— Recorded information —
□ □ □ □ □ □ □
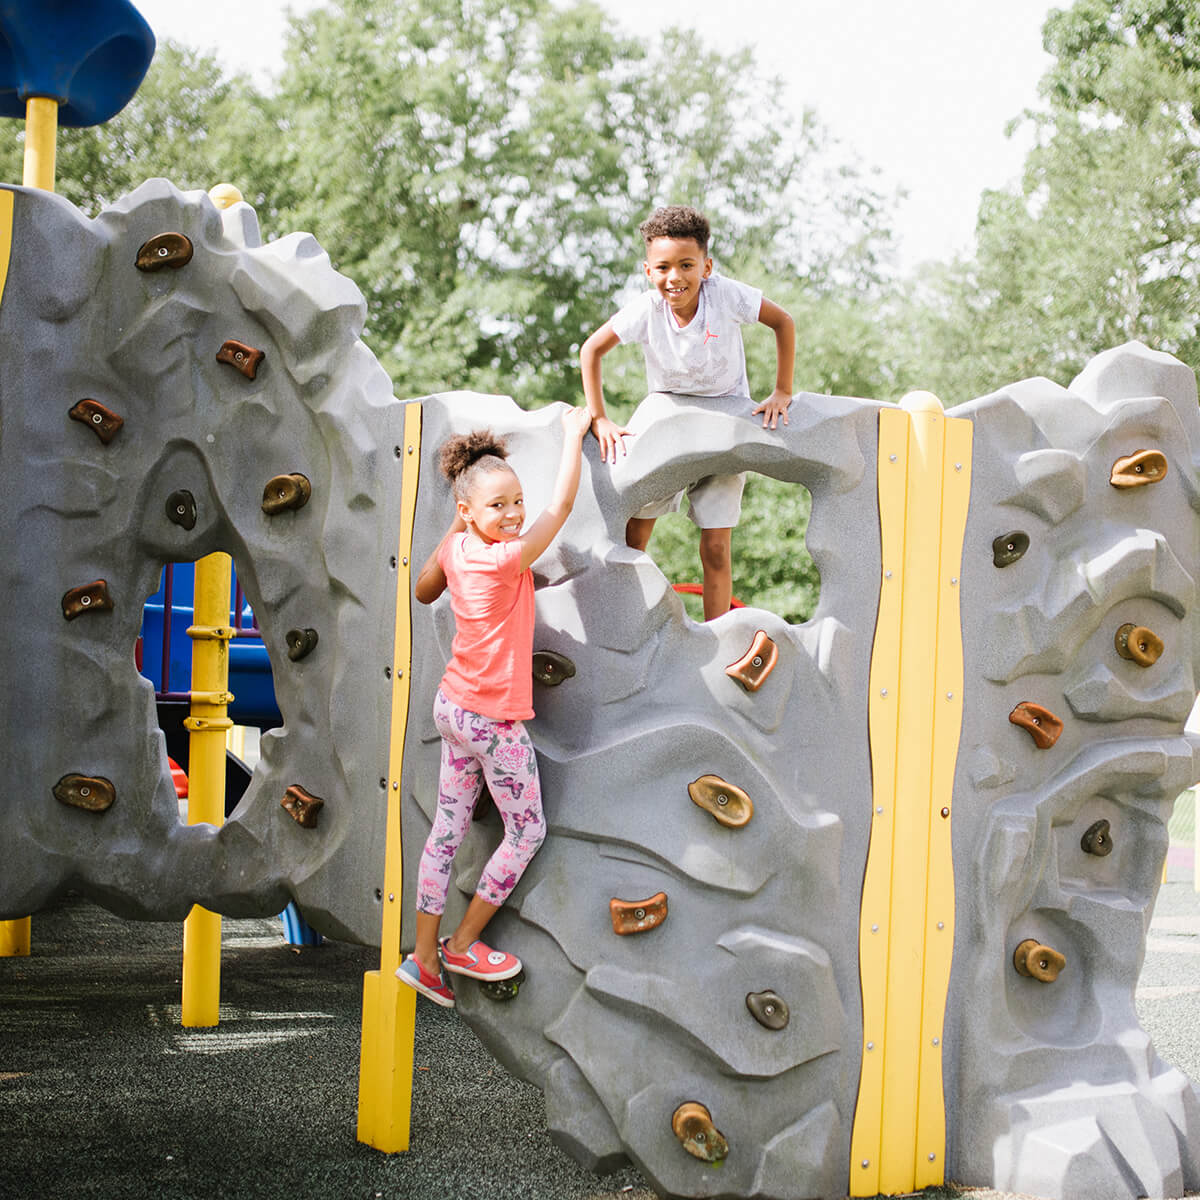 Two children climbing up and playing on a playground rock wall
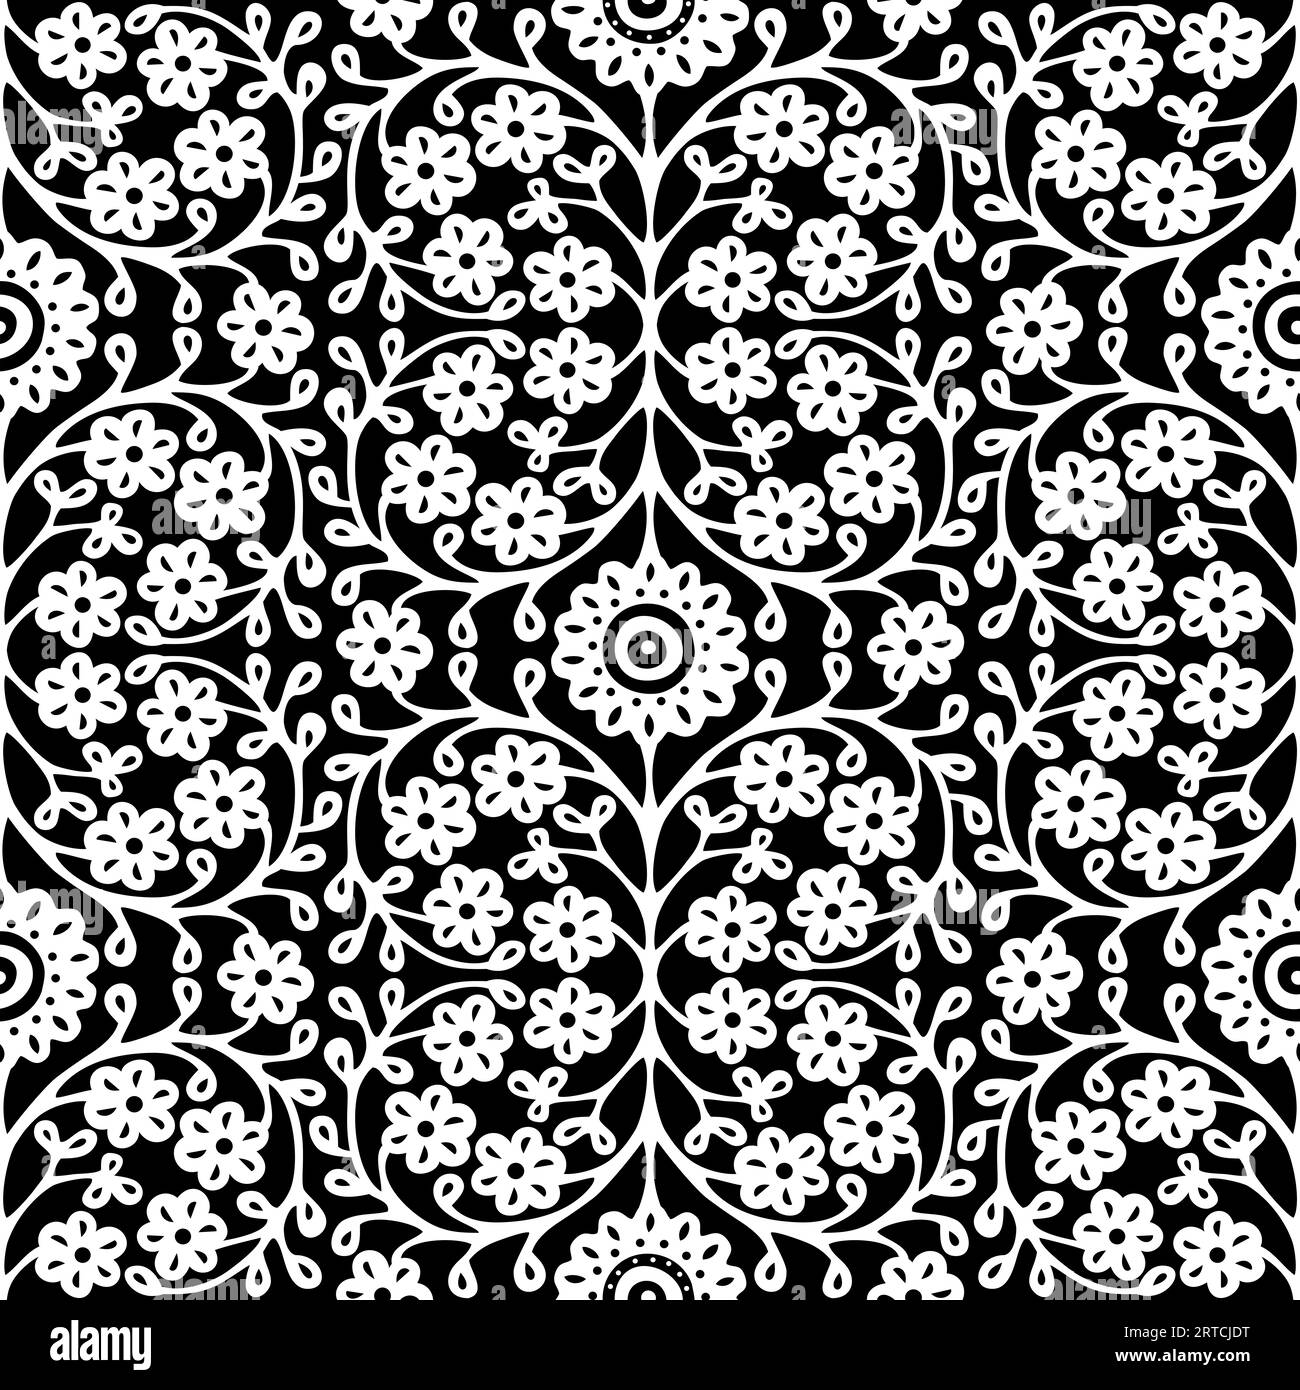 Seamless pattern with Indian ethnic flowers in black and white Stock Photo
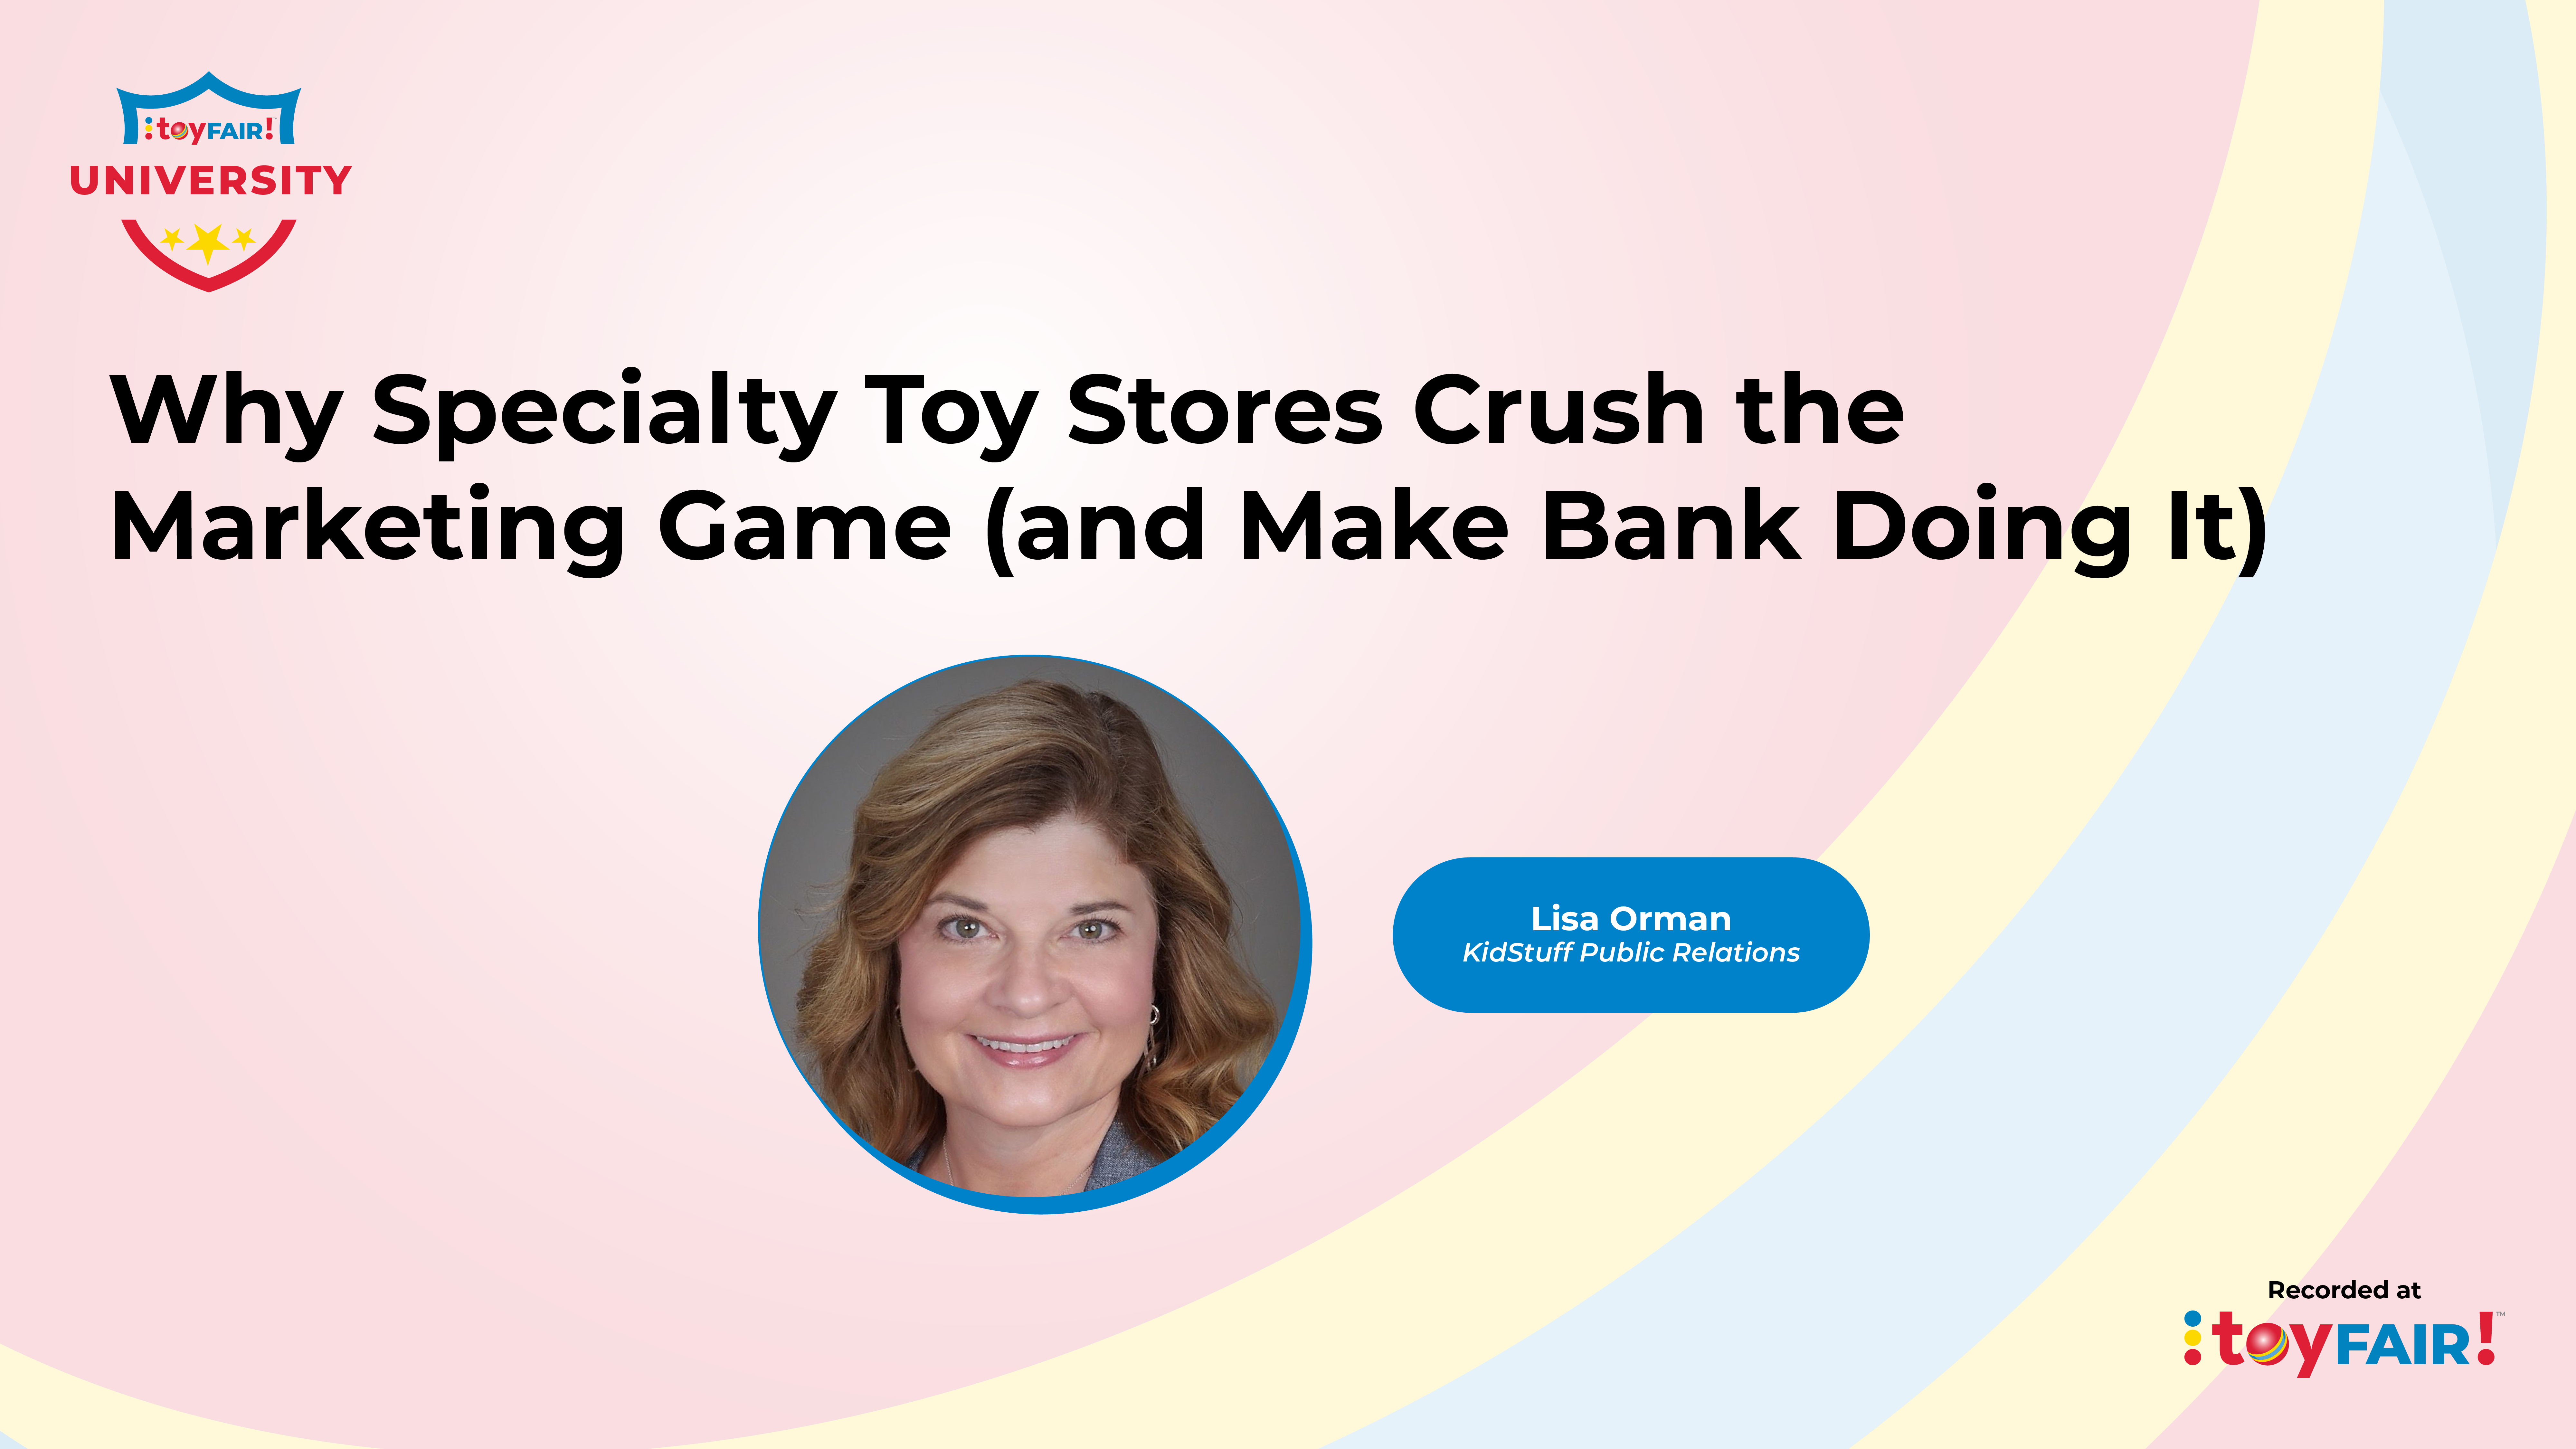 Why Specialty Toy Stores Crush the Marketing Game (and Make Bank Doing It)
□ □ □ □ □ □ □
— What you will do —
Everything in the data above, apart from the pictures, should be retyped exactly.

— Answer to the exercise —
 Two children climbing up and playing on a playground rock wall
 Seamless pattern with Indian ethnic flowers in black and white Stock Photo
 Why Specialty Toy Stores Crush the Marketing Game (and Make Bank Doing It)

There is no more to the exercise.